- Born: 1972 Oruzgan Province, Afghanistan
- Died: December 4, 2002 (30) Parwan Detention Facility, Afghanistan
- Cause of death: Tortured to death
- Occupation: Clergyman
- Parent: Hajji Rahim Gul (father)
- Relatives: Unnamed former Taliban commander (brother)

= Habibullah (Bagram detainee) =

Afghan Bagram detainee

Mullah Habibullah was an Afghan man who was tortured to death on December 4, 2002, while in US custody at Bagram Collection Point, a US military detention center in Afghanistan. His death was one of those ruled a homicide, though the initial military statement described his death as due to natural causes.

Habibullah's brother was a Taliban commander.Carlotta Gall, a New York Times reporter in Afghanistan, was the first to discover the story in 2003. Captain Carolyn Wood, commander of Alpha Company of the 519th Military Intelligence Battalion, and Captain Christopher Beiring, commander of the 377th Military Police Company, directed their troops at the Bagram Collection Point to confine their captives with their arms handcuffed above their heads in order to deprive them of sleep.
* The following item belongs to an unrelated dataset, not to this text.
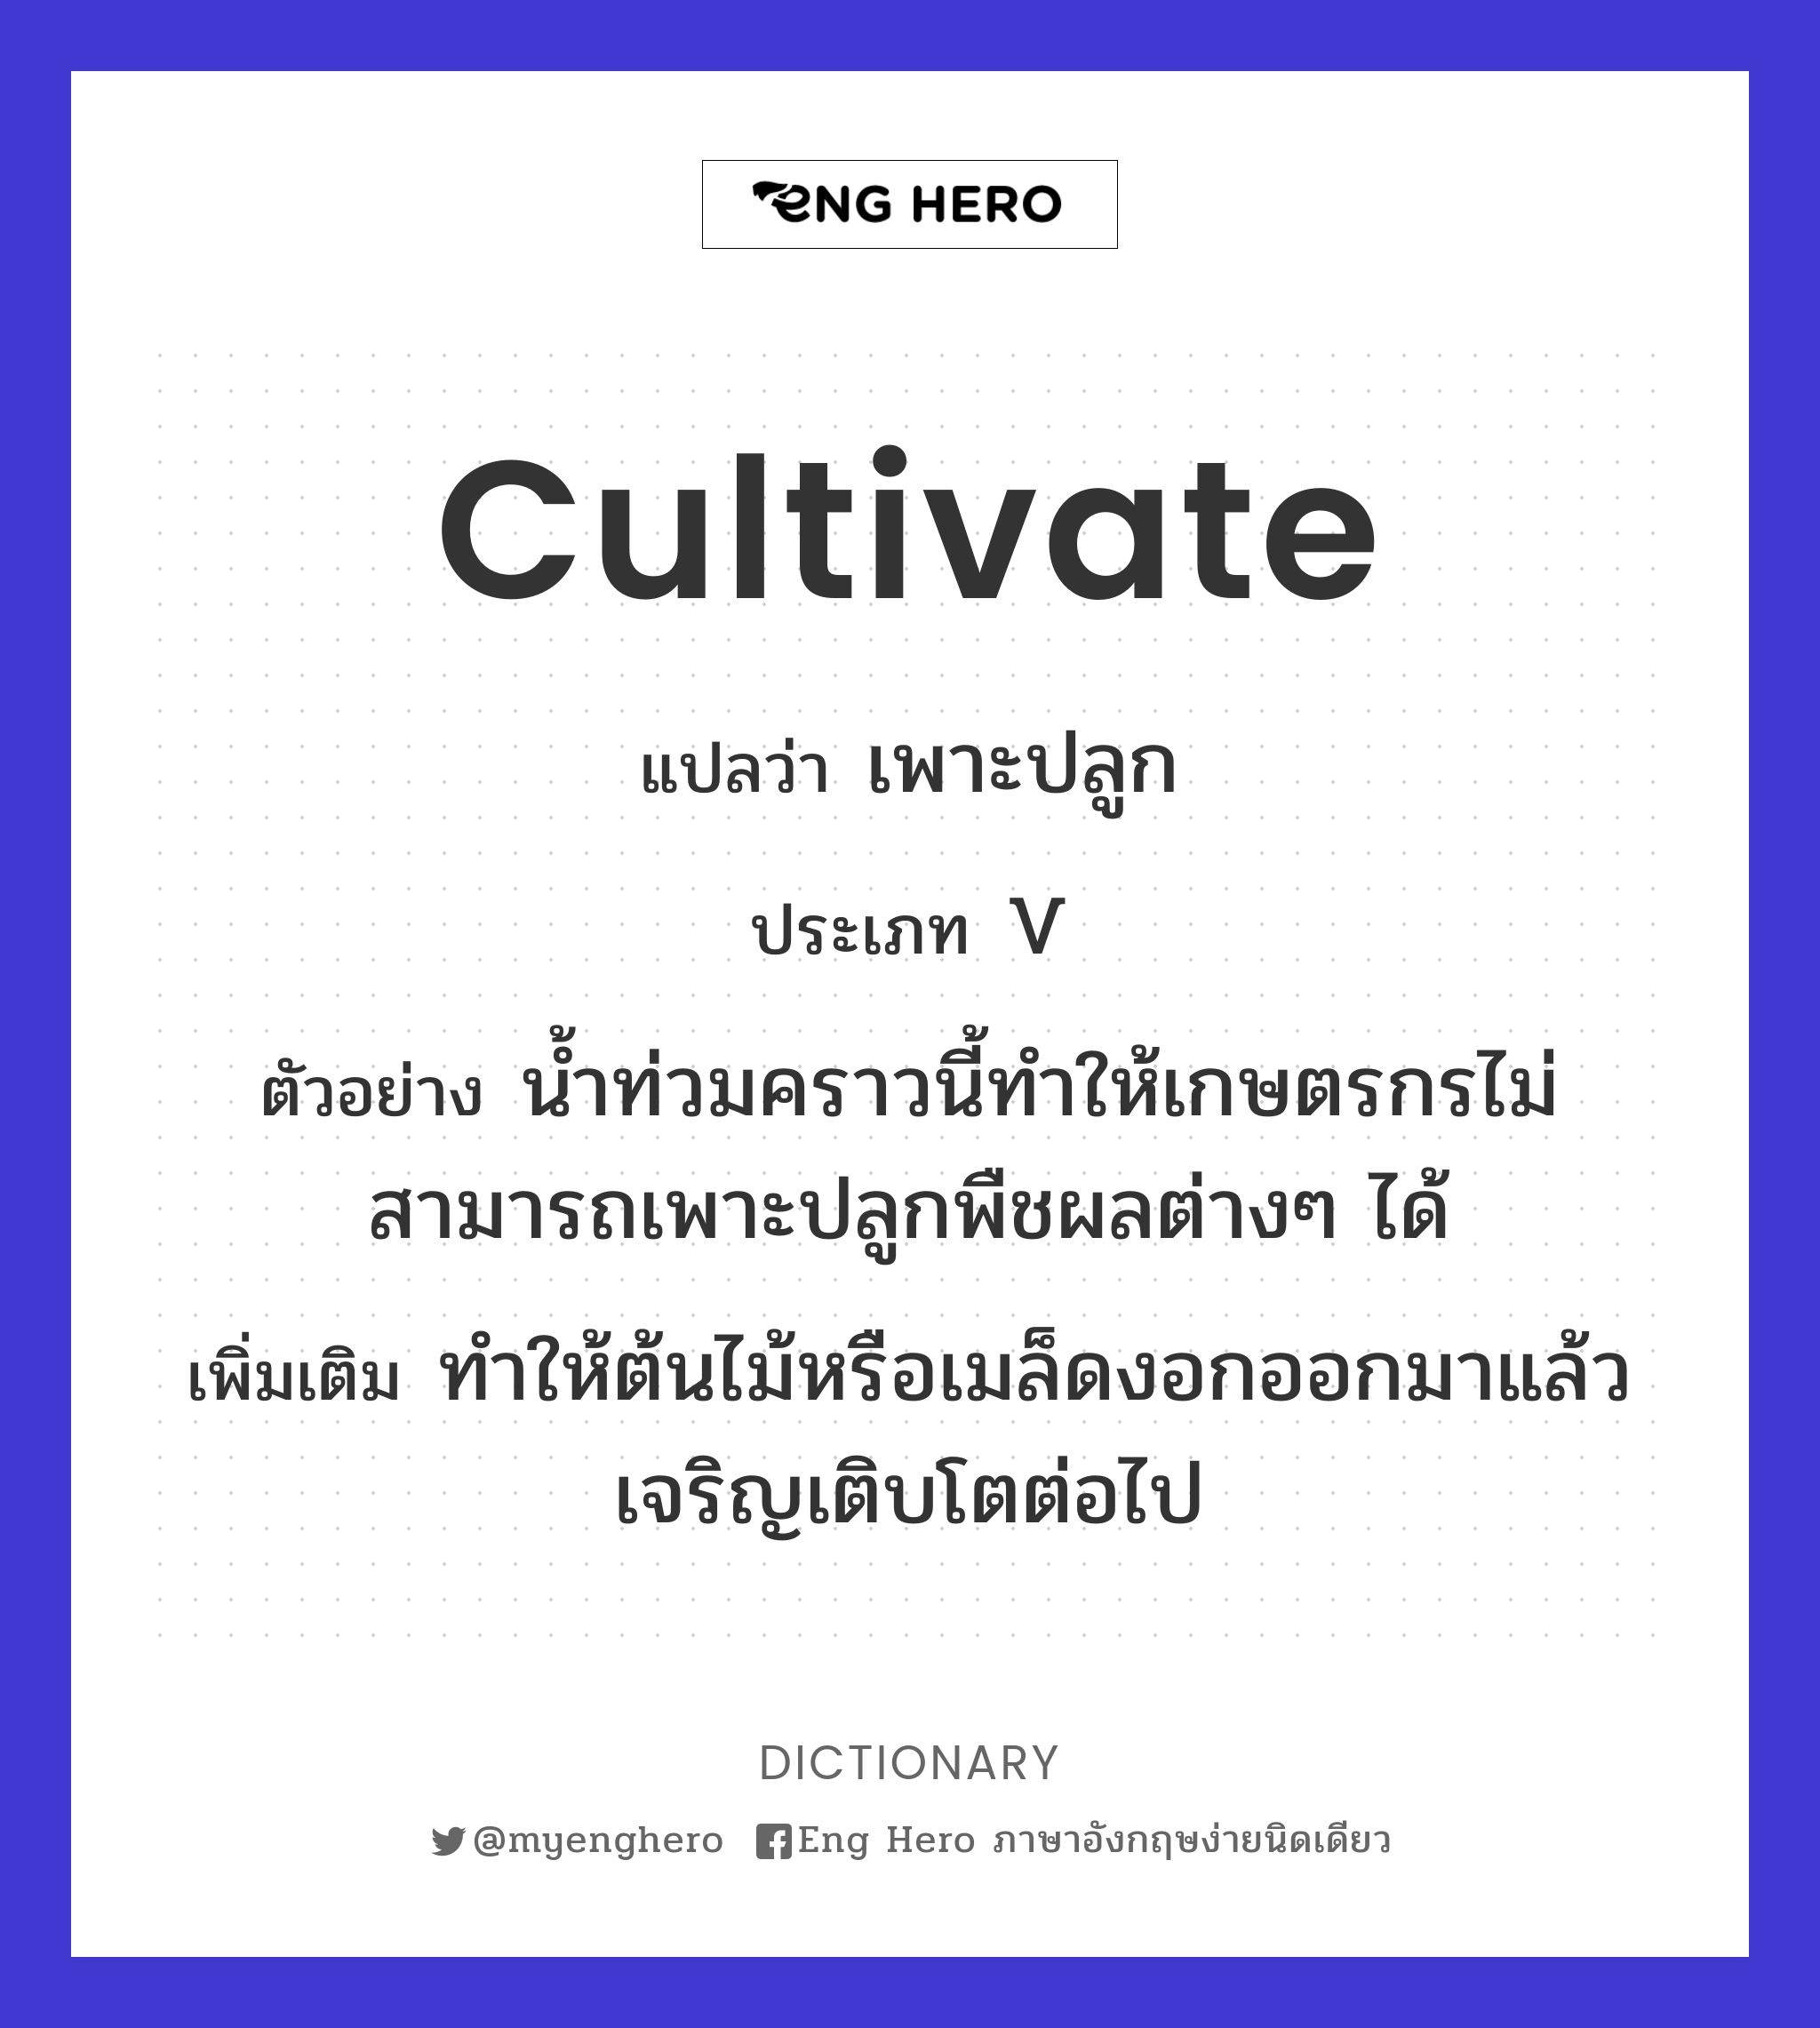 cultivate

Lt. Gen. Daniel K. McNeill was later quoted in the press denying that Bagram prisoners had been chained to the ceiling or held in chains attached to the ceiling. Their troops routinely kneed their captives in the side of their thighs. They called these "compliance blows". During a Criminal Investigation Division inquiry, their troops claimed they had been told—incorrectly—that this kind of blow was a legal, authorized use of force.

==Causes of death==
Habibullah's autopsy was performed two days after his death, which was ruled a homicide. Dr. Kathleen Ingwersen, the military pathologist who performed the autopsy, said the cause of death was "pulmonary embolism due to blunt force injury to the legs." This did not prevent the GIs staffing the prison from continuing to use these "compliance blows", and a second Afghan man, 22-year-old Dilawar, died four days later, on December 10, 2002, under practically identical circumstances. Dr. Elizabeth Rouse, the coroner for Dilawar, said she had seen similar damage to a man whose legs had been run over by a bus.

==Prosecutions==
By 2005, at least 15 American soldiers had been recommended for prosecution by Army investigators for abuse of detainees at Bagram. At least five of the soldiers were charged with crimes involving Habibullah's treatment. Captain Christopher Beiring was charged with dereliction of duty and making false statements; the charges were dropped, but he was reprimanded. Sgt. Christopher Greatorex was tried on charges of abuse, maltreatment, and making false statements; he was acquitted on September 7, 2005. Sgt. Darin Broady was tried on charges of abuse and acquitted on September 9, 2005. Specialist Brian Cammack pleaded guilty to charges of assault and making false statements; he was sentenced to three months in jail, a fine, reduced in rank to private, and given a bad conduct discharge. Pfc. Willie Brand was convicted of other charges, but acquitted of charges relating to abuse of Habibullah.